Pick rclone→Drive for minimum friction; Gitea releases if you want hard versioning and
to keep Drive small.
### Notebook changes either way
- Clone repo to **ephemeral `/content`** (fast), not Drive. Persist only datasets +
checkpoints.
- Drop Option A (no Colab generation) and Option B (no browser upload). One "sync
dataset version" cell instead.
- Train reads shards via a streaming `.jsonl.zst` loader (apply per-source sampling
weights + eval-bucket balancing here). Keep burst-train + Drive checkpoints + `.nbai`
export.
---
## Resulting workflow
```
LOCAL (9800X3D / RTX5070) COLAB (GPU)
───────────────────────── ───────────
import Lichess eval DB ─┐
self-play with net_vN ─┼─► label ─► dedup ─► write new shard(s) ─► manifest++
tactical / random ─┘ │
rclone copy ────────┘
datasets/ → Drive
│ (only new shards move)
sync version → copy missing shards → train (GPU)
export .nbai
place in src/main/resources/, rebuild native image
```
## Build order
1. **Shard format + manifest** in `dataset.py`: write/read `shards/*.jsonl.zst` +
`manifest.json`; dedup-across-shards on build; provenance per shard.

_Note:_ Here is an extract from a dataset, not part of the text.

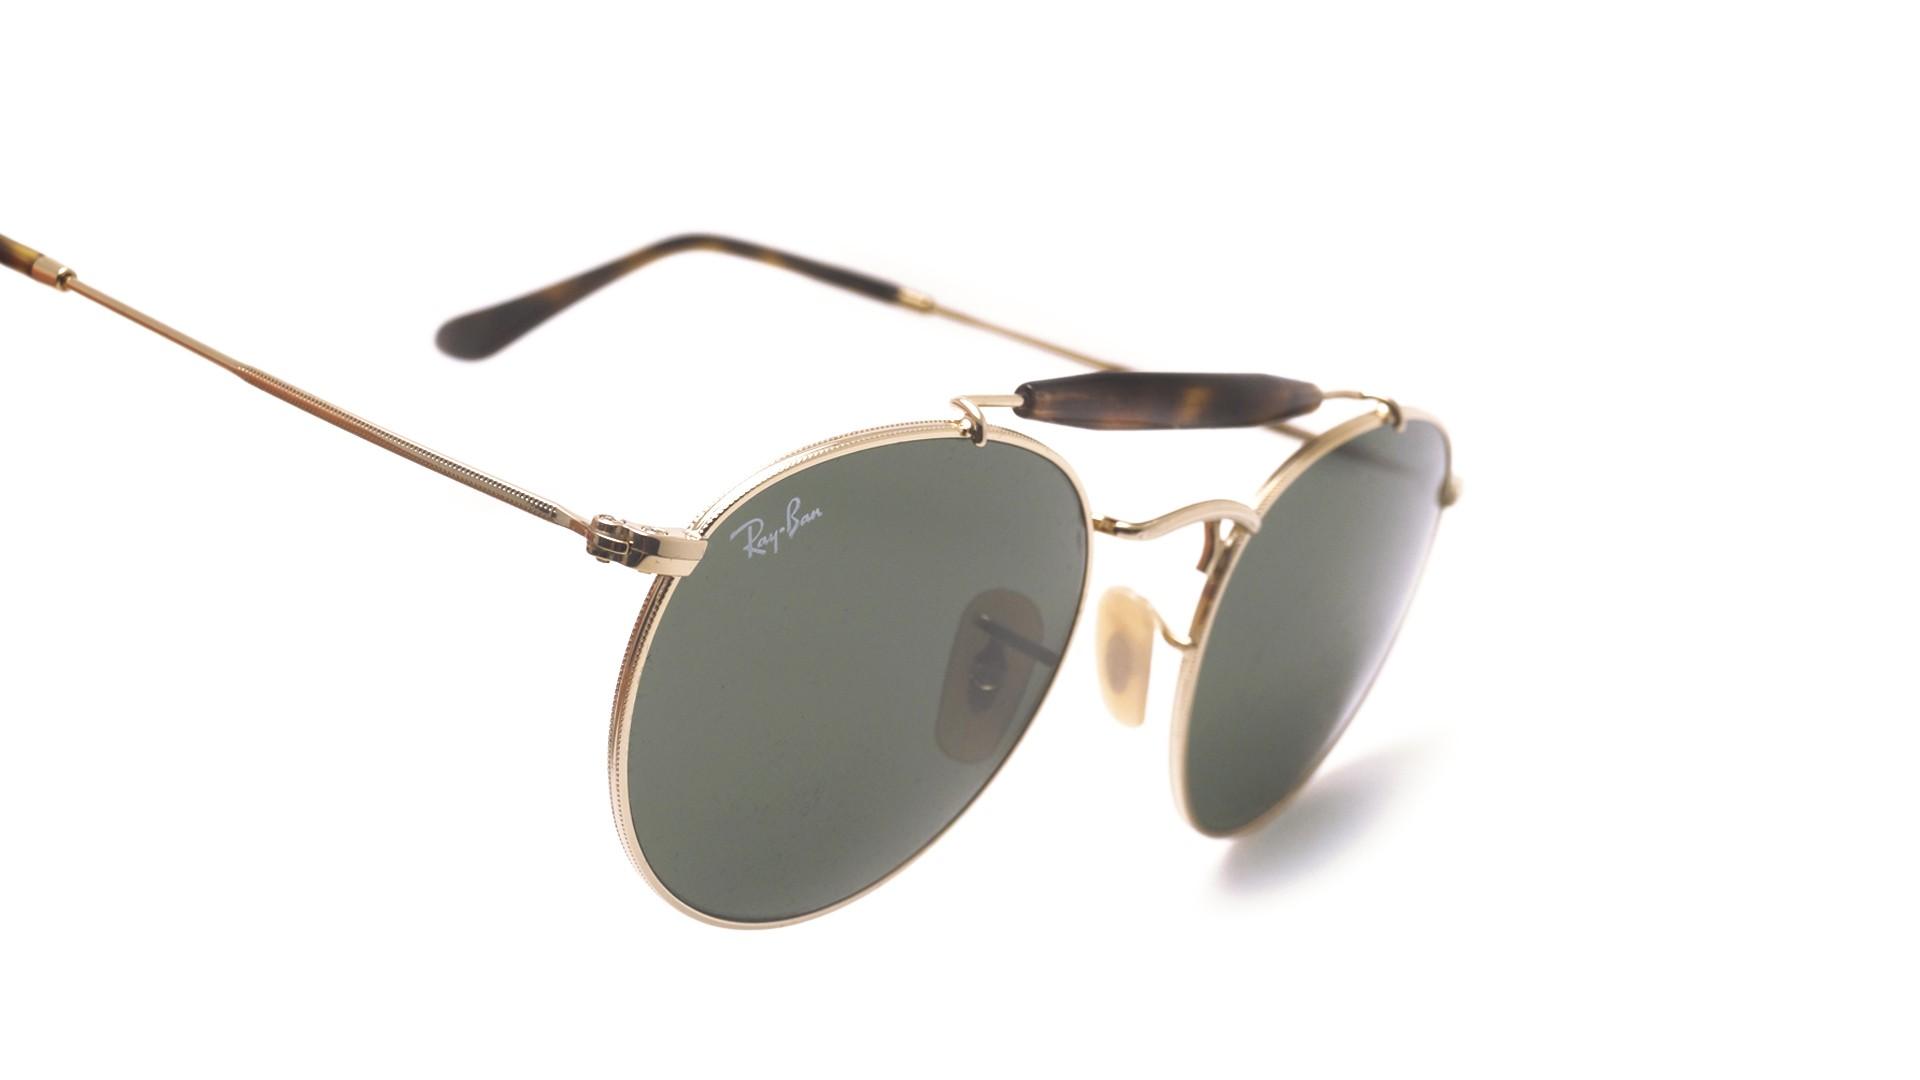 7675eb9c7e Sunglasses Ray-Ban RB3747 001 50-21 Gold G-15 Medium
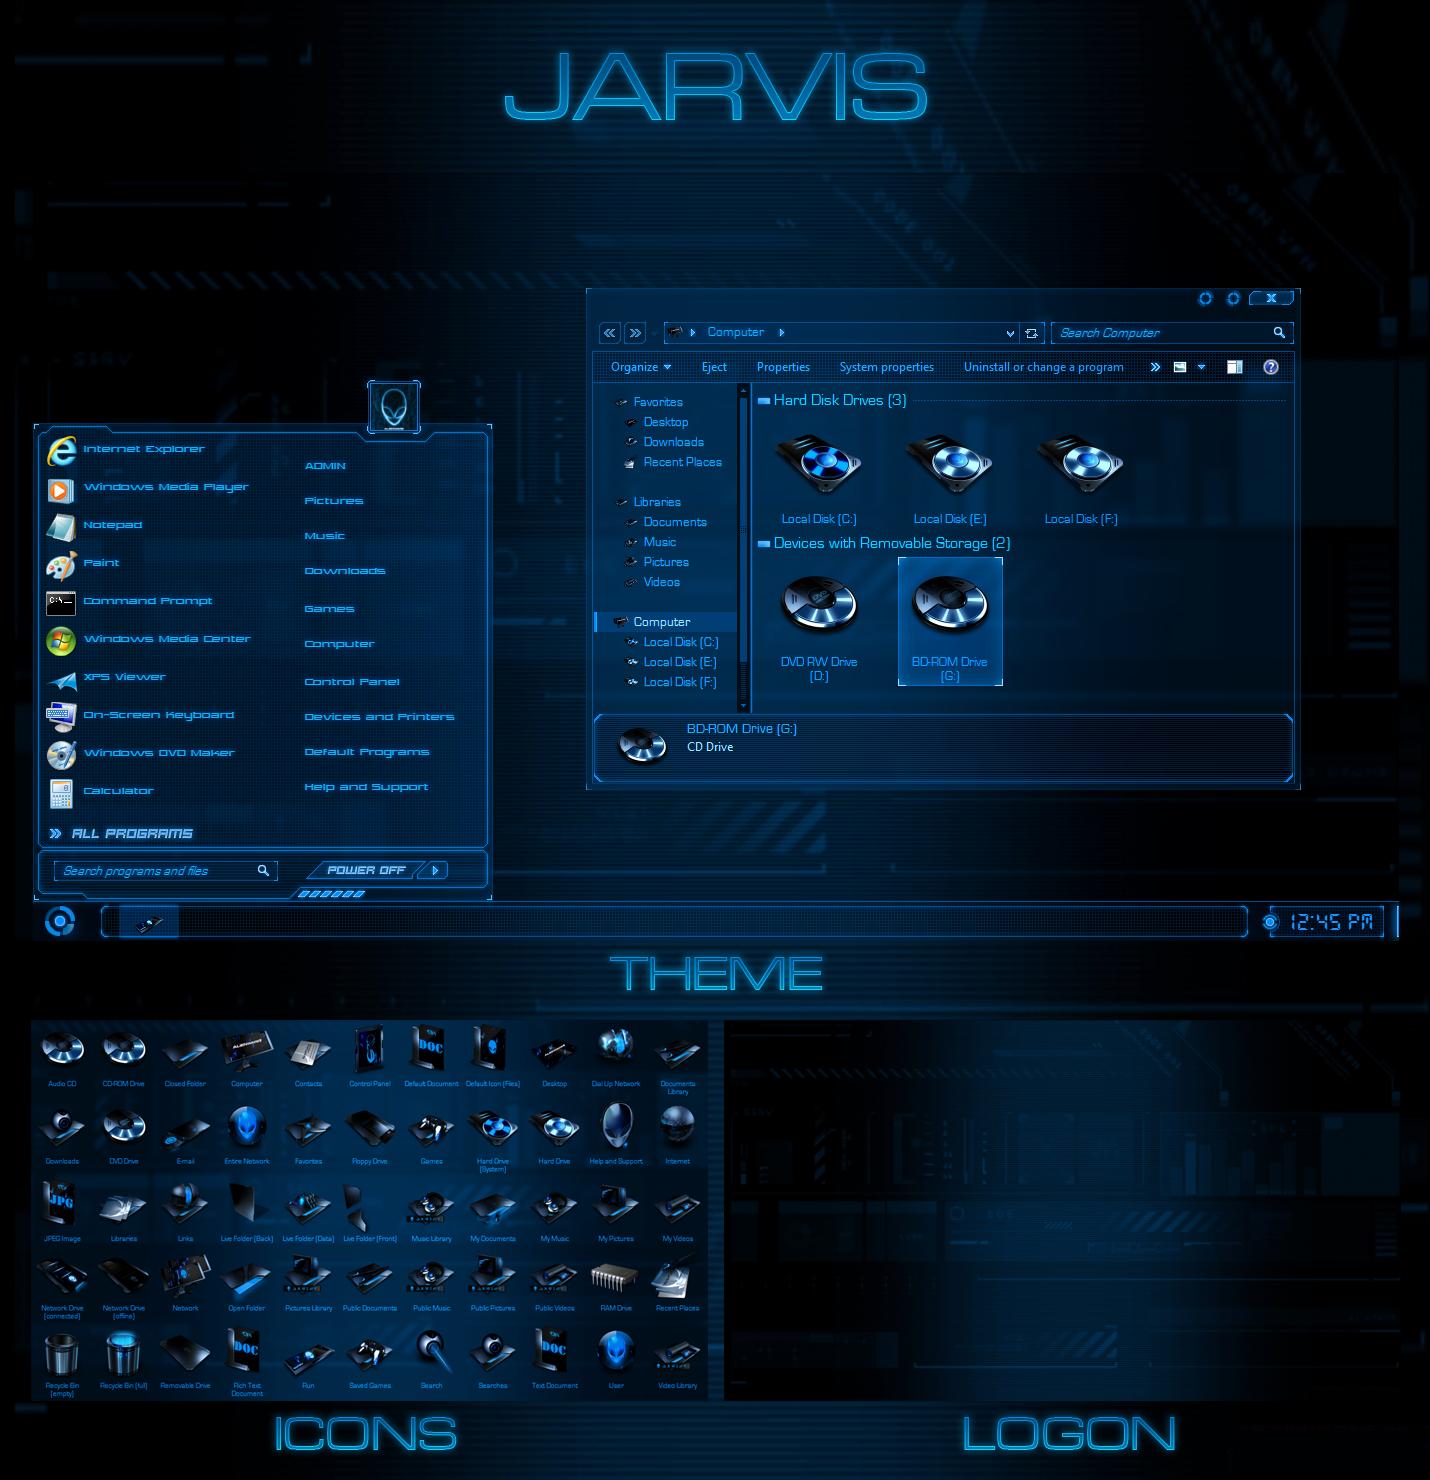 Animated 3d wallpaper jarvis interface -  Ultimatedesktops Jarvis Windows 7 Transformation Pack By Ultimatedesktops

2. **Streaming `.zst` dataloader** in `train.py`: read shards, apply per-source weights
and eval-bucket balancing.
3. **Self-play generator** in `src/`: NNUEBot/Stockfish self-play → positions → local
Stockfish label → new shard. This is the scaling engine.
4. **`dataset_sync.py`**: `push` (rclone→Drive or Gitea upload) / `pull` (cache-aware).
5. **Notebook rewrite**: ephemeral clone, single sync cell, weighted streaming loader.
6. Wire `lichess_importer.py` as the backbone shard source.
## Open decisions
- **Transfer backend** — rclone→Drive (easiest, recommended) vs Gitea releases (hard
versioning).
- **Self-play opponent** — NNUEBot vs itself (own distribution) vs vs-Stockfish
(stronger, more decisive games). Likely a mix.
- **Backbone/self-play ratio** — start ~60/30/10 (lichess/selfplay/tactical), tune by
measured strength.
- **Shard size** — 50k vs 100k positions/shard (transfer granularity vs file count).